*Task prompt:*
Go through the entries below and print, exactly, the lines starting at the one with "Nome do produto: Camiseta" and ending at the one with "El Nissan Ariya", keeping both ends and no others.

*Data for analysis:*

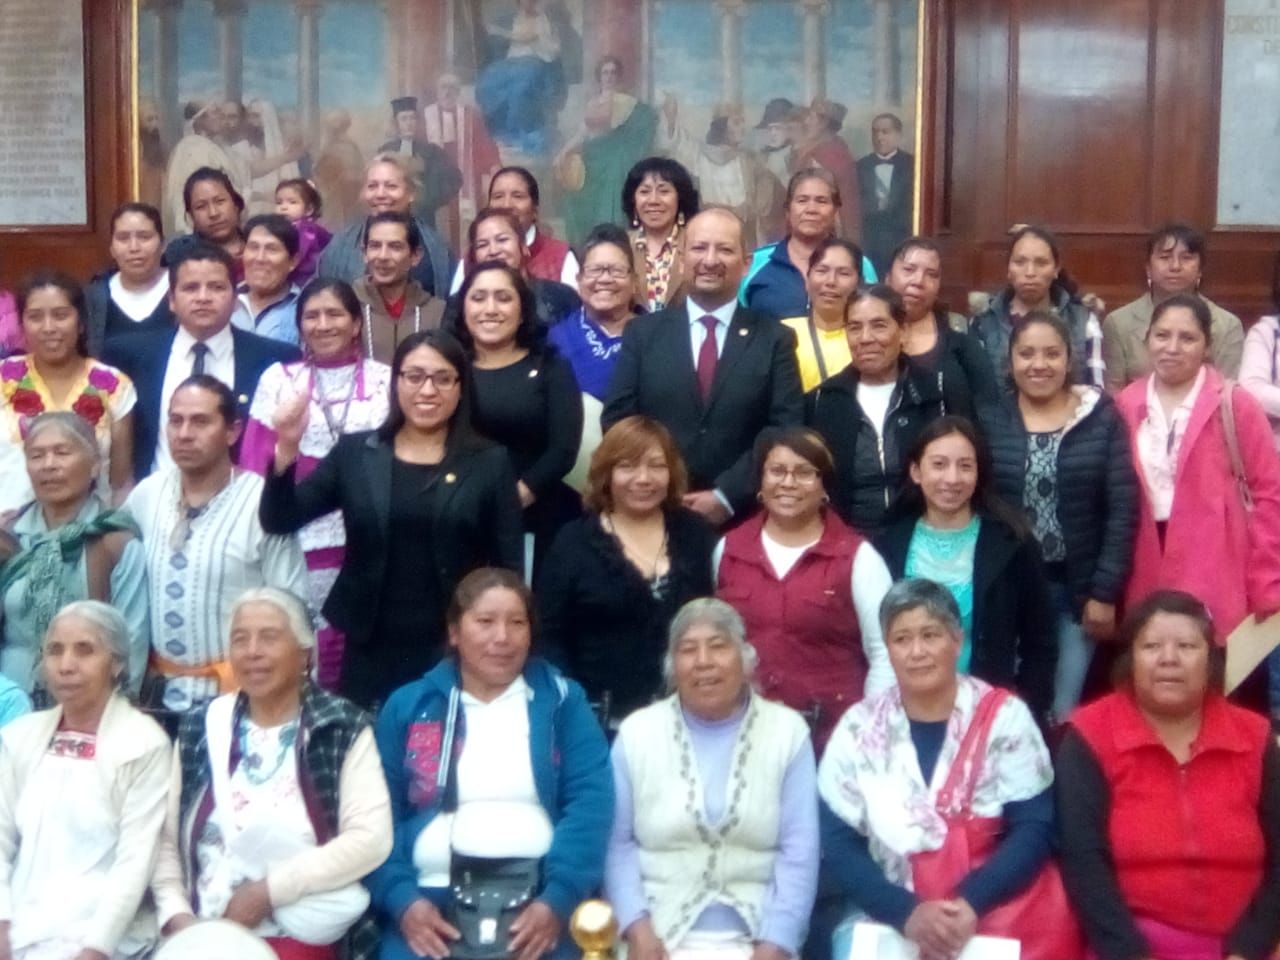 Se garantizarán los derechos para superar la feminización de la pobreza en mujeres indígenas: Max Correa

==

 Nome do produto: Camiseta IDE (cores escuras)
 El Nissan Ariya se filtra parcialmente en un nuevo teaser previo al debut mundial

==

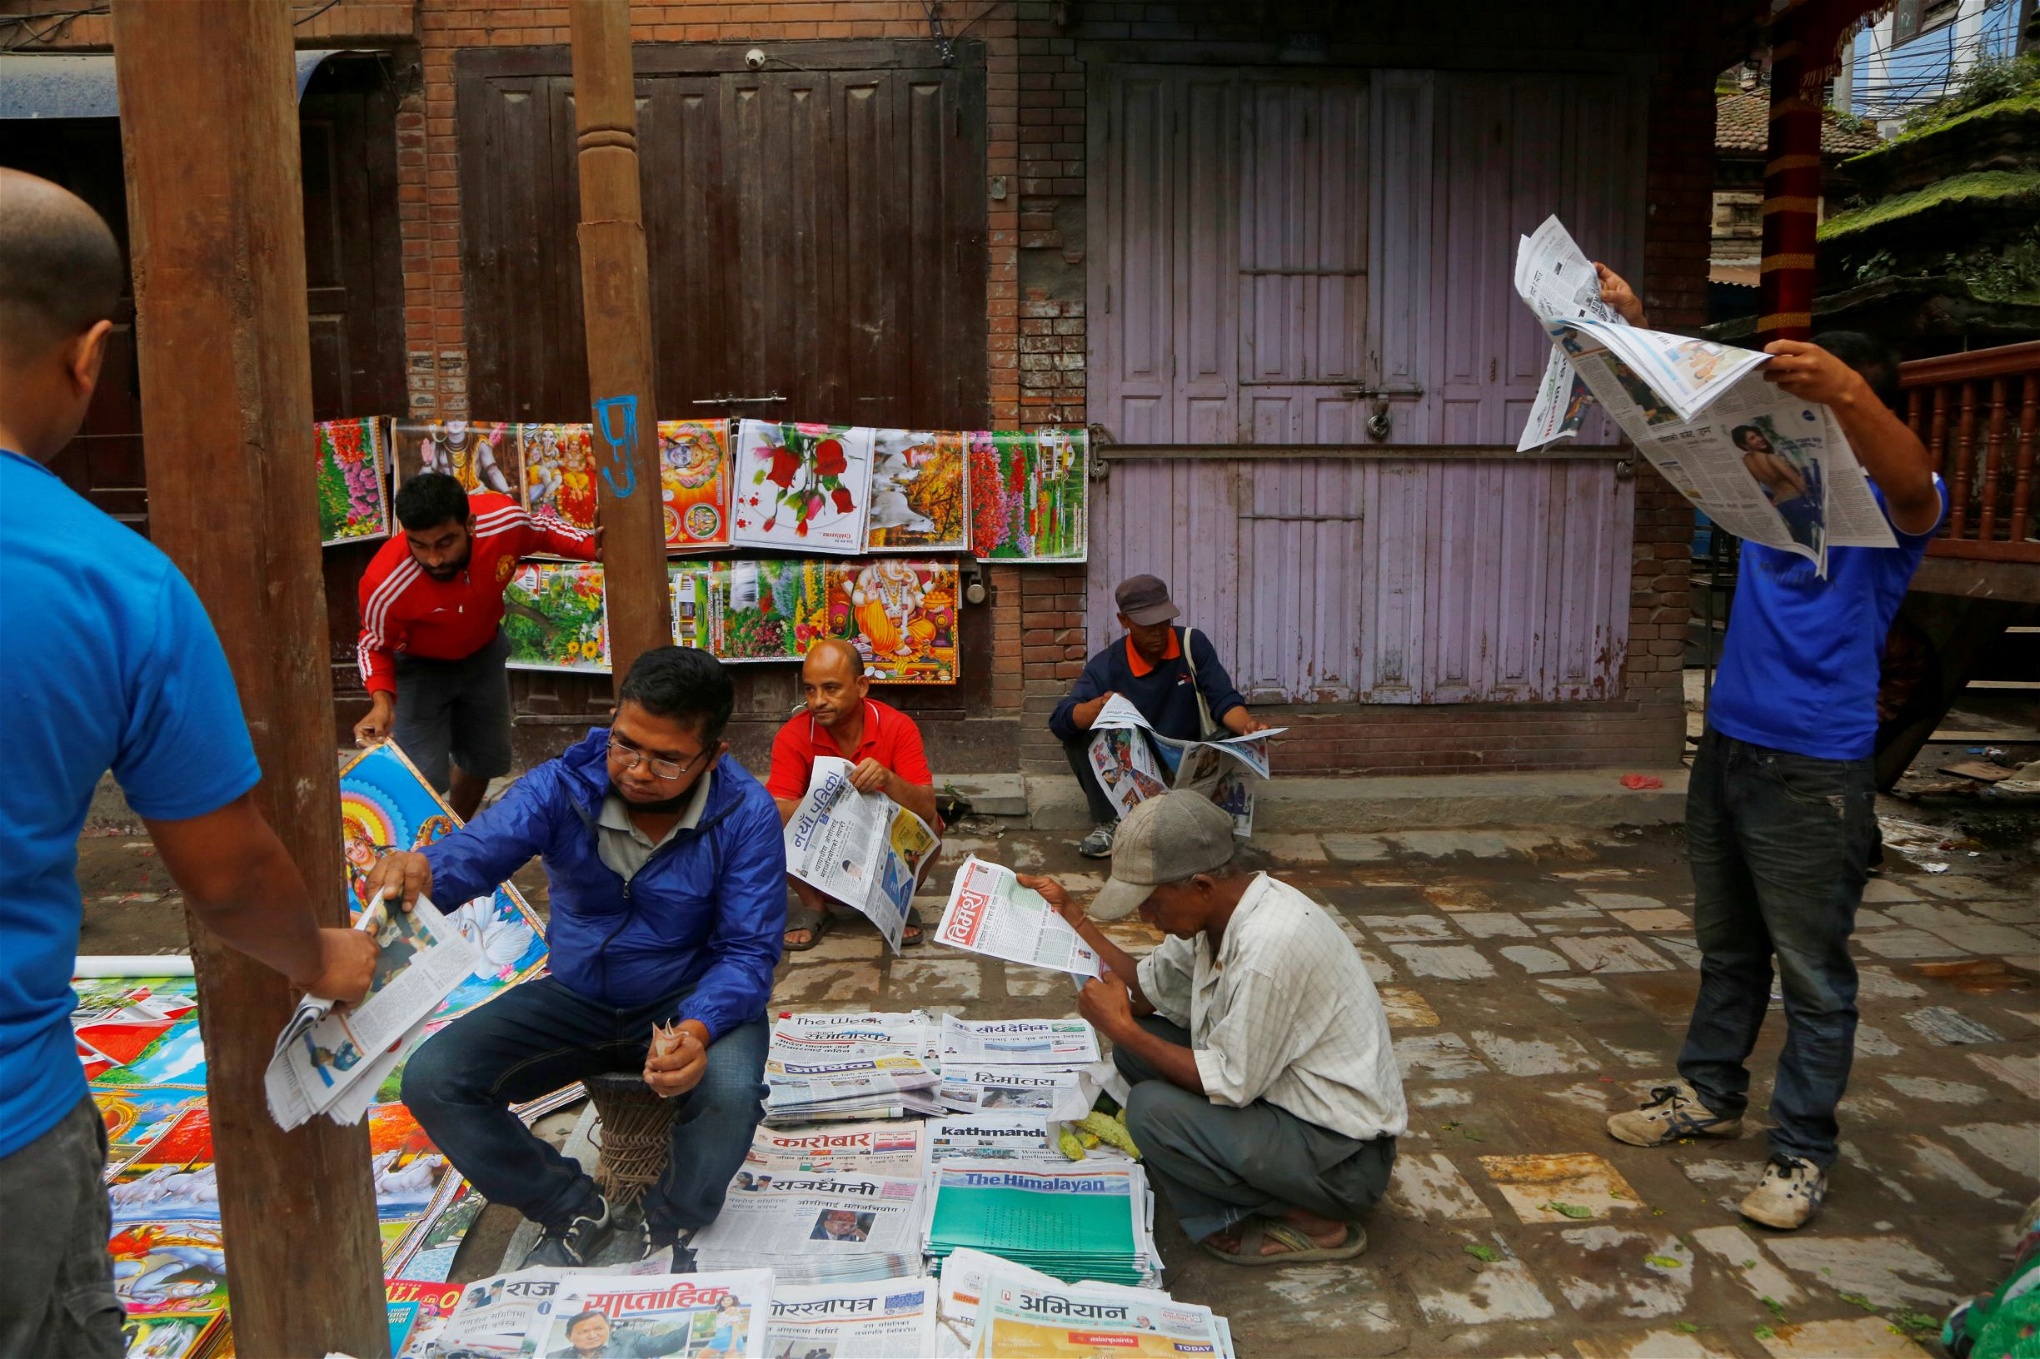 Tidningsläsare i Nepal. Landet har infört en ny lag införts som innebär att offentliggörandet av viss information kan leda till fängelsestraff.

*Written solution:*
 Nome do produto: Camiseta IDE (cores escuras)
 El Nissan Ariya se filtra parcialmente en un nuevo teaser previo al debut mundial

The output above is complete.